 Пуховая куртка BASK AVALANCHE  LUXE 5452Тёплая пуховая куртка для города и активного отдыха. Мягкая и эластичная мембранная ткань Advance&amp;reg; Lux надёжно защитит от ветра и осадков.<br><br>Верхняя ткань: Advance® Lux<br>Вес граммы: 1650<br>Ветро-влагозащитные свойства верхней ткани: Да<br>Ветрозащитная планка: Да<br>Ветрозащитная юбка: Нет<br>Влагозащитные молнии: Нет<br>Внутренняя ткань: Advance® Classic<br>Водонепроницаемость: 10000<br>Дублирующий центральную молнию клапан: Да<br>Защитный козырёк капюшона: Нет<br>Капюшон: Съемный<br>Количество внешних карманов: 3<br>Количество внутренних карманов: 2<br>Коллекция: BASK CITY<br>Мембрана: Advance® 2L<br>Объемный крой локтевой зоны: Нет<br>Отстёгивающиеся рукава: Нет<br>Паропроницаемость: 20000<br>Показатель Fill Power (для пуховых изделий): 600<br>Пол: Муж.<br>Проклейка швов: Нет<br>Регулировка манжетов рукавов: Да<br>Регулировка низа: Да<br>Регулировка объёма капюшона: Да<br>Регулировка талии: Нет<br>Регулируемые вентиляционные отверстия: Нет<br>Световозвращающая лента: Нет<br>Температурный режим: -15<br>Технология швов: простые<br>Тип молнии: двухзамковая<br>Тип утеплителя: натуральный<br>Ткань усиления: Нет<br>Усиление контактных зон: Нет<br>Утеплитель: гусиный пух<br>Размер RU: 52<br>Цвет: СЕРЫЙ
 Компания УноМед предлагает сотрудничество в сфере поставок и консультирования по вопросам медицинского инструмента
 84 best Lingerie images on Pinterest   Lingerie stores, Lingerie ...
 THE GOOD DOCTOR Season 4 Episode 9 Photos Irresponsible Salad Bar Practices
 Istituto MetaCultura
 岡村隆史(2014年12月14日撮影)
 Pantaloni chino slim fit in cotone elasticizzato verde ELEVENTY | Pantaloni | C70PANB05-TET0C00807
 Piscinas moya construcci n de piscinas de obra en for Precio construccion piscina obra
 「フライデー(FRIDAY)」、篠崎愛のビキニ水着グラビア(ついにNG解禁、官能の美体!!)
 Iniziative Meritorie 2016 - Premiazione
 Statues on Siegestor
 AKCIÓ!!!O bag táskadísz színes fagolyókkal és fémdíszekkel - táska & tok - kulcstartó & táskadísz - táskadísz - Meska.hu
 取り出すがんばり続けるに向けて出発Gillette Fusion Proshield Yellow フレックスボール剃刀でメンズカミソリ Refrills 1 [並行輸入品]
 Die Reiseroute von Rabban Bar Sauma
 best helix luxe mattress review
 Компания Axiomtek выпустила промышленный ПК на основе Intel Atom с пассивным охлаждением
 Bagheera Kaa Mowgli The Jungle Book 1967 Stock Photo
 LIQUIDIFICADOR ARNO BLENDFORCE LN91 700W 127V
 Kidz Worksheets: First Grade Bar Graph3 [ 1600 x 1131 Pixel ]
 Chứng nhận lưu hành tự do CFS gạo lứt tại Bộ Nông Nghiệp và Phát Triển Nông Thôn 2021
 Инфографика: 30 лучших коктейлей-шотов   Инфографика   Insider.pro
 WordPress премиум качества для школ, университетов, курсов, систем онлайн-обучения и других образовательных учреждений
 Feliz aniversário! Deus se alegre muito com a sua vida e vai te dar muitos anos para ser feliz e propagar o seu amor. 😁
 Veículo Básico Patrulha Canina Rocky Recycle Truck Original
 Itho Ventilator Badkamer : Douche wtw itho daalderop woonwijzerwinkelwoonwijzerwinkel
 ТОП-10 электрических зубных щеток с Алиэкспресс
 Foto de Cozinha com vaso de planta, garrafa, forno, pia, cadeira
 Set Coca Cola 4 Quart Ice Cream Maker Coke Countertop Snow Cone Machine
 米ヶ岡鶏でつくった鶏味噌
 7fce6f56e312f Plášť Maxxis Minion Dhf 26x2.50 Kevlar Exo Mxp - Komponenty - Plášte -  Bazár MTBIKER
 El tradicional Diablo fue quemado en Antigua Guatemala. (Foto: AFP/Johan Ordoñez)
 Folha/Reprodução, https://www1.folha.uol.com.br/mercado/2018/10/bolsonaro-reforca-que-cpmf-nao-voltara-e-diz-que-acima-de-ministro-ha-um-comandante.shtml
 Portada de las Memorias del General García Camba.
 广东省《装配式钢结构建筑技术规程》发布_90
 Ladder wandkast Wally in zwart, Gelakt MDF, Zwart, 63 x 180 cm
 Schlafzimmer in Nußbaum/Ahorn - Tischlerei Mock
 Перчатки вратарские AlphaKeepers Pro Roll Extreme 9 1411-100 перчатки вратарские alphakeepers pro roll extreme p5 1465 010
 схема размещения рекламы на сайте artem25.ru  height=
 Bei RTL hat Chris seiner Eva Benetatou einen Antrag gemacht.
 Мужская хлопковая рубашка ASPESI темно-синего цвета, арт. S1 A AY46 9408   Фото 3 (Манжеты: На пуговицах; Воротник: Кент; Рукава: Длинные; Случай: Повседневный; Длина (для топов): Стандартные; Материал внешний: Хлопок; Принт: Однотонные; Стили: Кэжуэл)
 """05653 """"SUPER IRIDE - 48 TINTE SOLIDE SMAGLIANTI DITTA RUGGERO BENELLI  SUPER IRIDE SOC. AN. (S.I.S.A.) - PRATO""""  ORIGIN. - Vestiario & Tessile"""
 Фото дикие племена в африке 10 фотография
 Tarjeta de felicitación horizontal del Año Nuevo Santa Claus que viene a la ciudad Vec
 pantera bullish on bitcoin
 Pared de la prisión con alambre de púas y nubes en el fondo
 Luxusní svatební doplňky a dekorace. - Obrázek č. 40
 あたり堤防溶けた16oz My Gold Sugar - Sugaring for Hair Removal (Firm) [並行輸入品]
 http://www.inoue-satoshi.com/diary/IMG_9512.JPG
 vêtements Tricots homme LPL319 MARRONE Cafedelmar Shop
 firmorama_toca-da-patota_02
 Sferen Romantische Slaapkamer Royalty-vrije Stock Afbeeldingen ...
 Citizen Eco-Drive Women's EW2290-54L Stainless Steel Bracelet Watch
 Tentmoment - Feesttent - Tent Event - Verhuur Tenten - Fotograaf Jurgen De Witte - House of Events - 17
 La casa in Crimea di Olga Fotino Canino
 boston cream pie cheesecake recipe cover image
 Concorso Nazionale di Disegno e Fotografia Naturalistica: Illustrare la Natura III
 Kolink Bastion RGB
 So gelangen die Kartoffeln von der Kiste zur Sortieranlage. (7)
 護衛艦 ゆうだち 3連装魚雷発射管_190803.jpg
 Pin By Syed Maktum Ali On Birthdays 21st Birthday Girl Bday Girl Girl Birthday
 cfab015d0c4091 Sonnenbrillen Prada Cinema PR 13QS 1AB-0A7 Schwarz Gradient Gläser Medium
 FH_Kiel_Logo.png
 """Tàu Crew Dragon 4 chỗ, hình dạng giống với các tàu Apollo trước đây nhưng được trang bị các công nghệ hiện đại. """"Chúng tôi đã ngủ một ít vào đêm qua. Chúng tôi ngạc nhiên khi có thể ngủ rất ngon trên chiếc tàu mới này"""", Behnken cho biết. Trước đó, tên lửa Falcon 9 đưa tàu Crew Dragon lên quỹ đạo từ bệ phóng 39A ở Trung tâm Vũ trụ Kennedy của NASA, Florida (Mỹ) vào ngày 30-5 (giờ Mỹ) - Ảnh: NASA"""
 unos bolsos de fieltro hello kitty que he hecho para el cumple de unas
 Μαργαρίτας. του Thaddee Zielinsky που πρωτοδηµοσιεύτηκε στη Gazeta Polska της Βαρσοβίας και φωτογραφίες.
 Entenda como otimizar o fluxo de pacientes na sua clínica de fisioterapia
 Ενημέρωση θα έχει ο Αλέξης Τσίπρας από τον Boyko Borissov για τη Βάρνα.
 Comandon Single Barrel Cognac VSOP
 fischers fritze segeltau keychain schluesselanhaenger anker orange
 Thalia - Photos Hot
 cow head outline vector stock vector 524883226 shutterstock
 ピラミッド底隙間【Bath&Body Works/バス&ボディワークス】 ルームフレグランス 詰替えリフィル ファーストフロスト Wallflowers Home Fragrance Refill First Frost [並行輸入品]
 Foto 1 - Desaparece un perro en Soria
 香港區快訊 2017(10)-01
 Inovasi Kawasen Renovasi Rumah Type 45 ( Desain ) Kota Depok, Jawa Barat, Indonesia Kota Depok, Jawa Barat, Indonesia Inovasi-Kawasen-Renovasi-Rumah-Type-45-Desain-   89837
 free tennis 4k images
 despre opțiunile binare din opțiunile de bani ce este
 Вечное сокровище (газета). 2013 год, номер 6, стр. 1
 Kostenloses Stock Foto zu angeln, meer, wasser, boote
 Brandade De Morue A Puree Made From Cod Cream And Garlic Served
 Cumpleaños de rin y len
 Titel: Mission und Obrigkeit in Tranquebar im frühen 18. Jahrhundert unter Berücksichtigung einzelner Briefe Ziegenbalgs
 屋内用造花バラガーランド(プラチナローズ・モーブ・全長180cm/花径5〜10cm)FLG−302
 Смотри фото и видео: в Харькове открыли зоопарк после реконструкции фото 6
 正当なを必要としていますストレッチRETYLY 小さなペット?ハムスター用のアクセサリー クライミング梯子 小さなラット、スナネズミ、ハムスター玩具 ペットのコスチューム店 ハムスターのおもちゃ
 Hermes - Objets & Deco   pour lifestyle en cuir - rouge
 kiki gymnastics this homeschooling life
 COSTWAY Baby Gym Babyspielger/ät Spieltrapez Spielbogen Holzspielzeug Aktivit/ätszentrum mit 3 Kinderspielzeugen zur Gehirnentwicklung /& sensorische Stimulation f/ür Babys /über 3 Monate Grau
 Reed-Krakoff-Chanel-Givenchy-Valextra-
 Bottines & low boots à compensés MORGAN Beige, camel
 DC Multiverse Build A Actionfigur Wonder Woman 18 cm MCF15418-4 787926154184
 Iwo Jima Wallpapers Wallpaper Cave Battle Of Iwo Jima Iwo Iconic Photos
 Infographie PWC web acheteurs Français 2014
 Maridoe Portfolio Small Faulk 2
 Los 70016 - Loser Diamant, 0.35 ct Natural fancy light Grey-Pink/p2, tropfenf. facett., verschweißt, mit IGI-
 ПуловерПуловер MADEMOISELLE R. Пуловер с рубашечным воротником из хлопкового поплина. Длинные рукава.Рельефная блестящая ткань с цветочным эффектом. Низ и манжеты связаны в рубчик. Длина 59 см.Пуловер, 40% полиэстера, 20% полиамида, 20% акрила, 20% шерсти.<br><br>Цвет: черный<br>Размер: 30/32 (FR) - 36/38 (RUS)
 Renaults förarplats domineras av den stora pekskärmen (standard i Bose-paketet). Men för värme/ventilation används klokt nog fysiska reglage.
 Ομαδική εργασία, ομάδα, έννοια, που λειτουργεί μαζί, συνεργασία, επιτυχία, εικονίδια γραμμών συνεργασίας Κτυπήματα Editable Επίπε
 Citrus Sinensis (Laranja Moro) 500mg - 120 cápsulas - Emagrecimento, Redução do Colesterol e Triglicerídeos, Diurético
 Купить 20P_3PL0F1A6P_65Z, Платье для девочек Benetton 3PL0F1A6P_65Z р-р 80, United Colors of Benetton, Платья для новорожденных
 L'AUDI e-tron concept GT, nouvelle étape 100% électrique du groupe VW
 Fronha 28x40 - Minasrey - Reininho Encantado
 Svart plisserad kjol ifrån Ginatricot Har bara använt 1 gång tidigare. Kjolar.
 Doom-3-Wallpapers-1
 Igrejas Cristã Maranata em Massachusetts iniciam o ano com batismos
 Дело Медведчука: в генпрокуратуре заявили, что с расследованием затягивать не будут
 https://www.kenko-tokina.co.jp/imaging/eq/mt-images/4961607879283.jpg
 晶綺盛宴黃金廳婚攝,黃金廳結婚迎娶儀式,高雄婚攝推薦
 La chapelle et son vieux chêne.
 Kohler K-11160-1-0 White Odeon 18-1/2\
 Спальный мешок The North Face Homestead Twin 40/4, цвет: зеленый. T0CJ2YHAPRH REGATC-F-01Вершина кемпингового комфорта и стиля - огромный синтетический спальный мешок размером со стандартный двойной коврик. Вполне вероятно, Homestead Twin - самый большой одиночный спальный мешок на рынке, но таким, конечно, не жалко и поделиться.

━━━━━━━━

Select all lines in the listing above where the word "Photos" appears, and show them.

 THE GOOD DOCTOR Season 4 Episode 9 Photos Irresponsible Salad Bar Practices
 Thalia - Photos Hot
 Iwo Jima Wallpapers Wallpaper Cave Battle Of Iwo Jima Iwo Iconic Photos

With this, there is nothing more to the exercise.